The botanical professor, the genial Von Martius, should also be mentioned here. lle found Agassiz a student, barely of age; he directly made him an author, and an authority in the subject of his predilection. Dr. Spix, the zoological companion of Martius in Brazilian exploration, died in 1826 ; the fishes of the collection were left untouched. Martius recognized the genius of Agassiz, and offered him, and, indeed, pressed him to undertake their elaboration. Agassiz brought out the first part of the quarto volume on the Fishes of the Brazilian Expedition of Spix and Martius before he took his degree of Doctor of Philosophy, and completed it before he proceeded to that of Doctor in Medicine in 1830. The work opened his way to fame, but brought no money. Still, as Martius defrayed all the expenses, the net result compared quite favorably with that of later publications. Moreover, out of it possibly issued his own voyage to Brazil in later years, under auspices such as his early patron never dreamed of.
This early work also made him known to Cuvier; so that when he went to Paris, a year afterwards, to continue his medical and scientific studies — the one, as he deemed, from necessity, the other from choice — he was received as a fellow savant. Yet at first with a certain reserve, probably no more than was natural in view of the relative age and position of the two men; but Agassiz, writing to his sister, says: “ This extreme but formal politeness chills you instead of putting you at your ease; it lacks cordiality, and, to tell the truth, I would gladly go away if I were not held fast by the wealth of material of which I can avail myself.” But only a month later he writes — this time to his uncle — that, while he was anxious lest he “might not be allowed to examine, and still less to describe, the fossil fishes and their skeletons in the Museum, ... knowing that Cuvier intended to write a work on this subject,” and might naturally wish to reserve the materials for his own use, and when the young naturalist, as he showed his own sketches and notes to the veteran, was faintly venturing to hope that, on seeing his work so far advanced, he might perhaps be invited to share in a joint publication, Cuvier relieved his anxiety and more than fulfilled his half-formed desires.
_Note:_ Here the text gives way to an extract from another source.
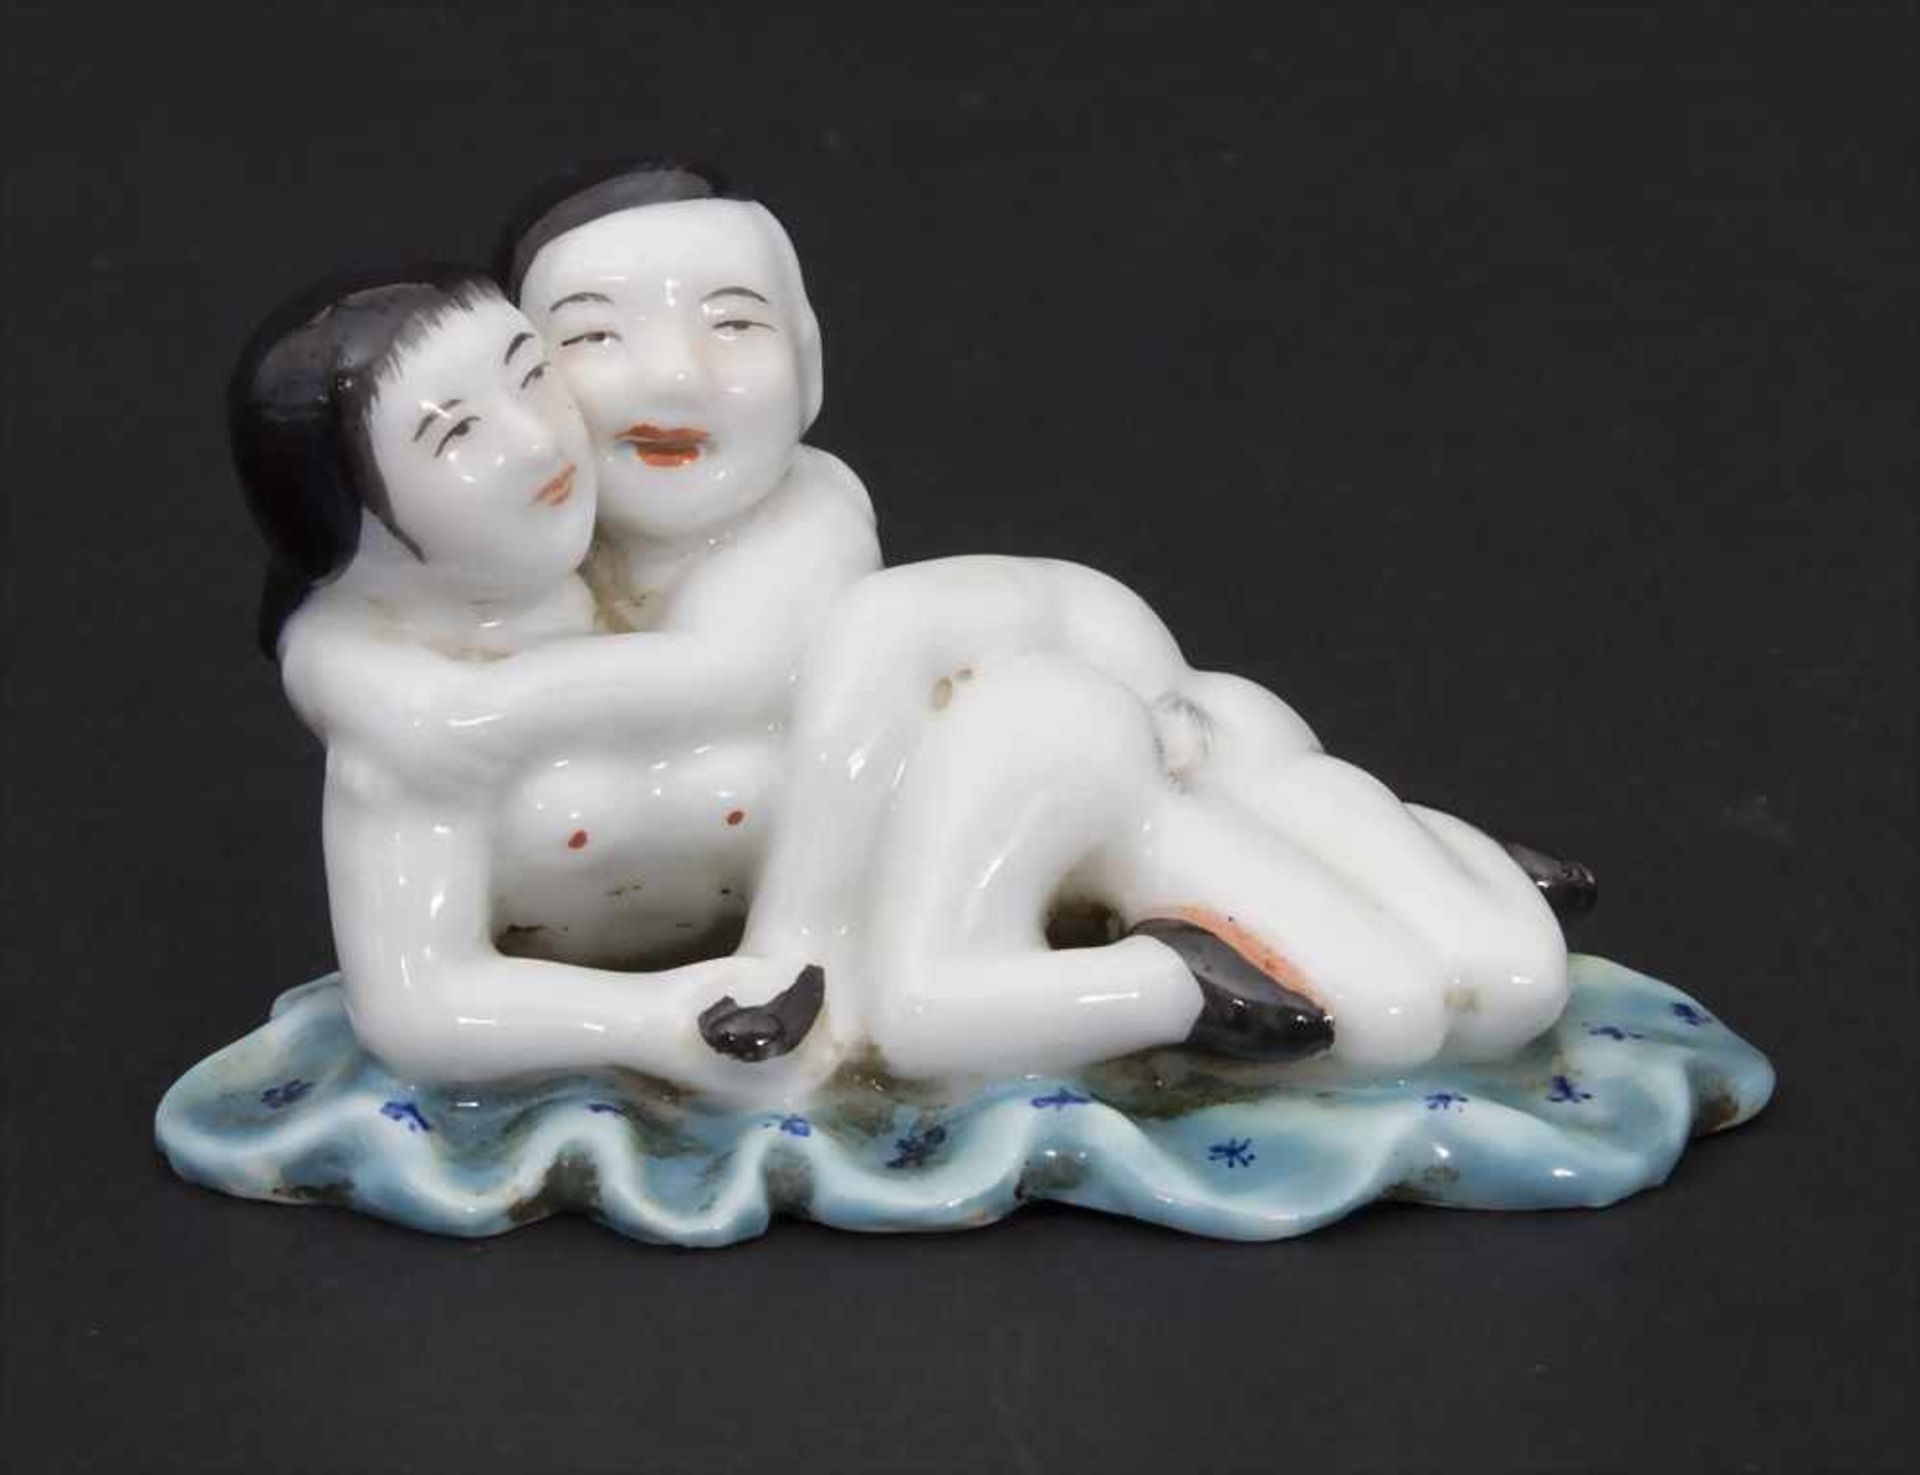 Erotisches Liebespaar, China, 18./19. Jh.Material: Porzellan, polychrom bemalt, Marke/Signatur:

“He desired his secretary to bring him a certain portfolio of drawings. He showed me the contents : they were drawings of fossil fishes, and notes which he had taken in the British Museum and elsewhere. After looking it through with me, he said he had seen with satisfaction the manner in which I had treated this subject; that I had, indeed, anticipated him, since he had intended at some future time to do the same thing; but that, as I had given it so much attention, and had done my work so well, he had decided to renounce his project, and to place at my disposition all the materials he had collected and all the preliminary notes he had taken.”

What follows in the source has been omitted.